For 1 dimension like dims => [6] there are no edges. A knight move 2,1 means move 2 in one dimension and 1 in another. When there is only 1 dimension there is no second dimension for the second step. 2 dimensions like dims => [6,1] can be given and in that case the effect with cyclic is steps +/-1 and +/-2 along the row of vertices cycling at the ends.

For a 1x1 cyclic grid dims => [1,1], or any higher 1x1x1 etc, there is a self-loop edge since the knight move wraps around from the single vertex to itself. This is the same as the 1-vertex cyclic case in Graph::Maker::Grid. (That class also has a self-loop for 1-dimension dims => [1] whereas here that is no edges as described above.)

# FUNCTIONS

\$graph = Graph::Maker->new('knight_grid', key => value, ...)

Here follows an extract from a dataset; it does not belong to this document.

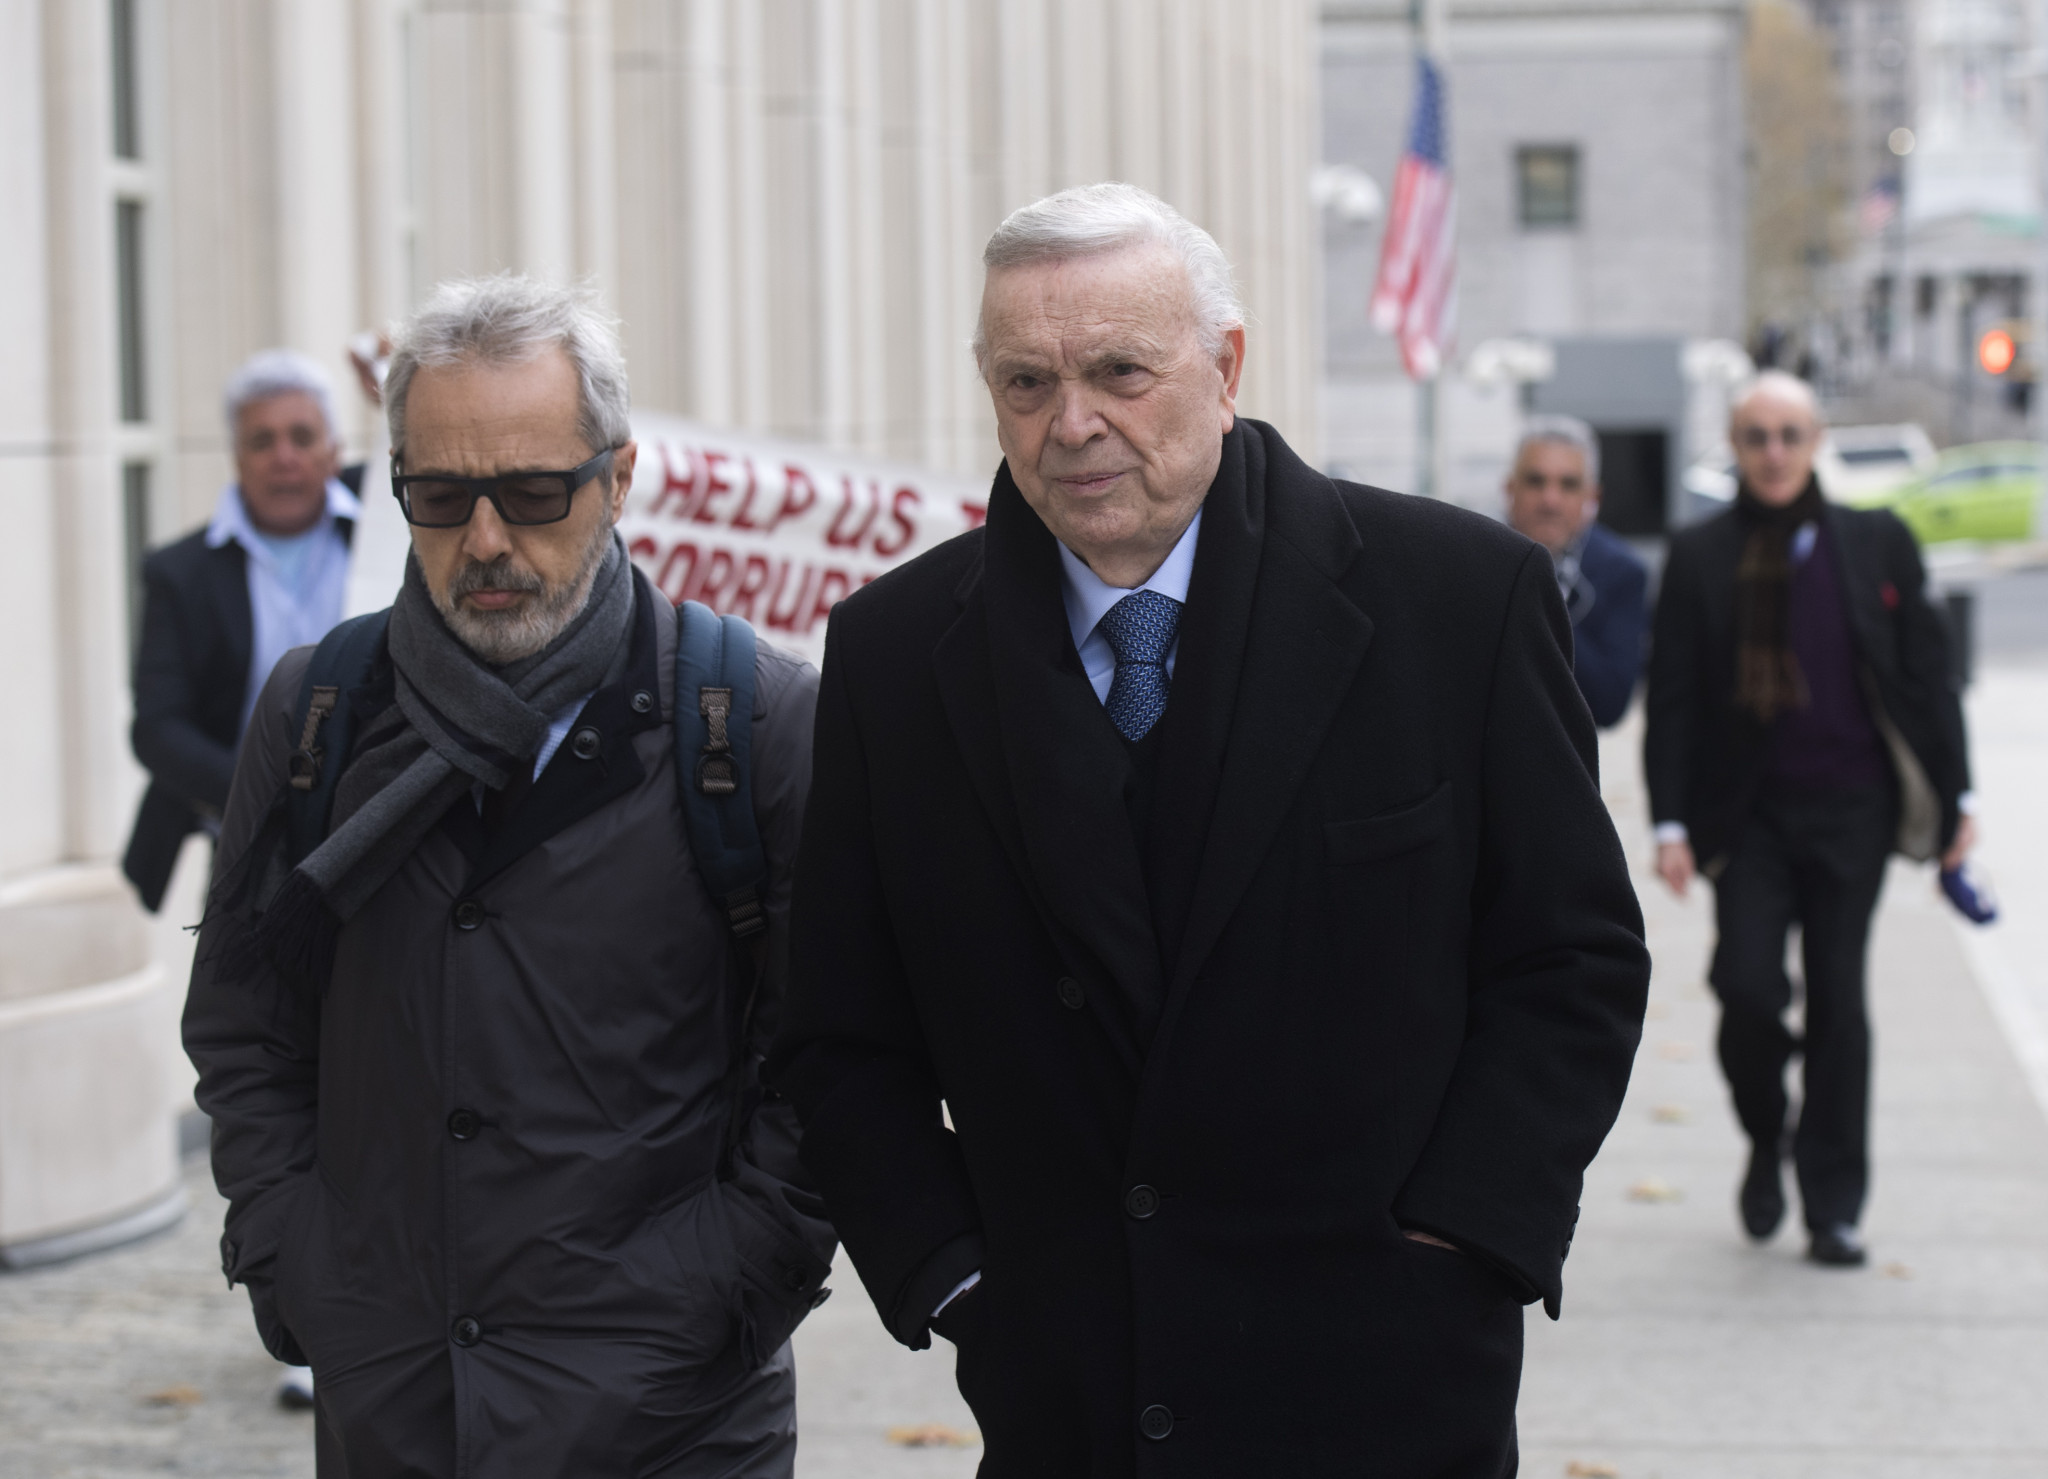  Jose Maria Marin, right, has been sentenced to four years in prison ©Getty Images

The key/value parameters are

dims     => arrayref of dimensions
cyclic   => boolean
graph_maker => subr(key=>value) constructor, default Graph->new

dims and cyclic are in the style of Graph::Maker::Grid. Other parameters are passed to the constructor, either graph_maker or Graph->new().

Like Graph::Maker::Grid, if the graph is directed (the default) then edges are added both forward and backward between vertices. Option undirected => 1 creates an undirected graph and for it there is a single edge between vertices.

# FORMULAS

## Vertex Degree

For a 2-dimensional grid each vertex is degree up to 8 if the grid is big enough (each dimension >= 5). In a cyclic grid all vertices are this degree. For higher dimensions the degree increases. In general for D dimensions

max_degree = 4*D*(D-1)  = 0, 8, 24, 48, 80, ...       (A033996)

# HOUSE OF GRAPHS

House of Graphs entries for graphs here include

2x2, https://hog.grinvin.org/ViewGraphInfo.action?id=52, 4 disconnected
2x2 cyclic, https://hog.grinvin.org/ViewGraphInfo.action?id=674, 4-cycle
3x2, https://hog.grinvin.org/ViewGraphInfo.action?id=896
3x2 cyclic, https://hog.grinvin.org/ViewGraphInfo.action?id=226
3x3, https://hog.grinvin.org/ViewGraphInfo.action?id=126
3x3 cyclic, https://hog.grinvin.org/ViewGraphInfo.action?id=6607, Paley 9
4x2, https://hog.grinvin.org/ViewGraphInfo.action?id=684
4x2 cyclic, https://hog.grinvin.org/ViewGraphInfo.action?id=1022
4x3, https://hog.grinvin.org/ViewGraphInfo.action?id=21067
4x4 cyclic or 2x2x2x2 cyclic, https://hog.grinvin.org/ViewGraphInfo.action?id=1340, tesseract
5x2 cyclic, https://hog.grinvin.org/ViewGraphInfo.action?id=21063
2x2x2, https://hog.grinvin.org/ViewGraphInfo.action?id=68, 8 disconnected
2x2x2 cyclic, https://hog.grinvin.org/ViewGraphInfo.action?id=1022, cube
4x2x2, https://hog.grinvin.org/ViewGraphInfo.action?id=1082, four 4-cycles

# OEIS

A few of the entries in Sloane's Online Encyclopedia of Integer Sequences related to these graphs include

A033996    max vertex degree in a D dimensional grid
A035008    number of edges in NxN grid
A180413    number of edges in NxNxN grid
A006075    domination number of NxN
A006076,A103315  count of ways domination number attained